20 In our view, the primary judge was correct in holding that the information fell within the exception contained in s 424A(3)(a). The information was just about a class of persons, namely, Afghan nationals who seek the issue of a passport. In relation to that class, the information was that there was a consulate in existence in Canberra which could issue such passports. There is nothing in the exchange of letters that provides a linkage to the individual case that would remove the information from the category of information about a class of persons. The reference to the individual circumstances of a particular applicant in the Tribunal's letter is merely background to the making of an enquiry in general terms. Further, the Consulate's response is couched in similarly general terms. The authorities which bear upon the construction of s 424A(3)(a) are set out in his Honour's reasons for judgment at pars 15 -23. We can discern no error in his discussion of those authorities, or in his analysis of the relevant principles. We would dismiss this challenge to his Honour's decision.
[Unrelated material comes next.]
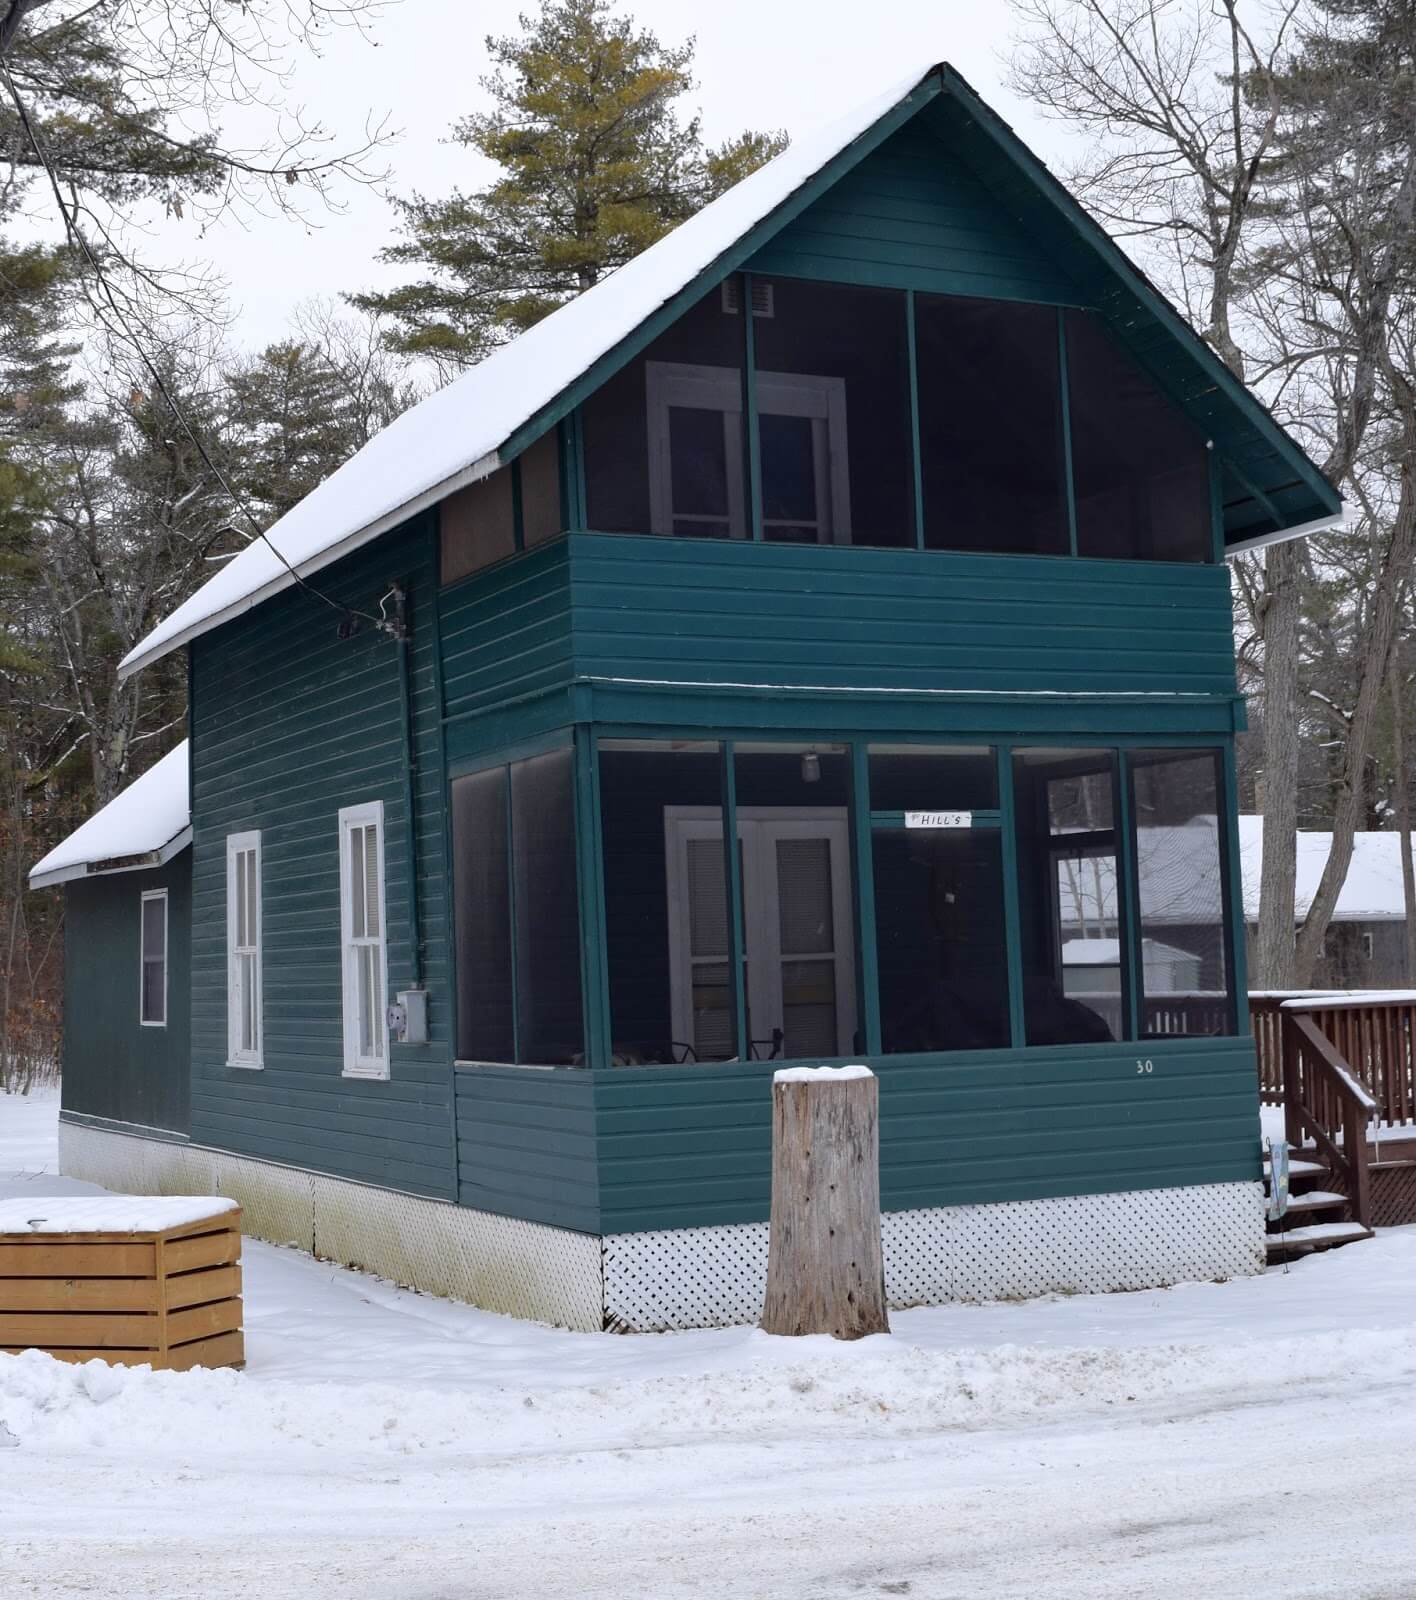 A medium sized cottage in the winter time with Ontario resort Architecture surrounded by snow

THE PROPOSED NEW GROUND OF APPEAL

21 In the course of the hearing of the appeal, the appellant sought to add a further ground of appeal as follows:

"5. The decision of the Tribunal was made in breach of the rules of natural justice and/or the duty of procedural fairness in that the Tribunal failed to give to the Appellant notice of material or information adverse to his interests which it was proposing to take into account, and did rely upon, in the exercise of its power.

Particulars
The Tribunal failed to supply the letter to the RRT of 6 April 2002 or details of the contents thereof to the Appellant."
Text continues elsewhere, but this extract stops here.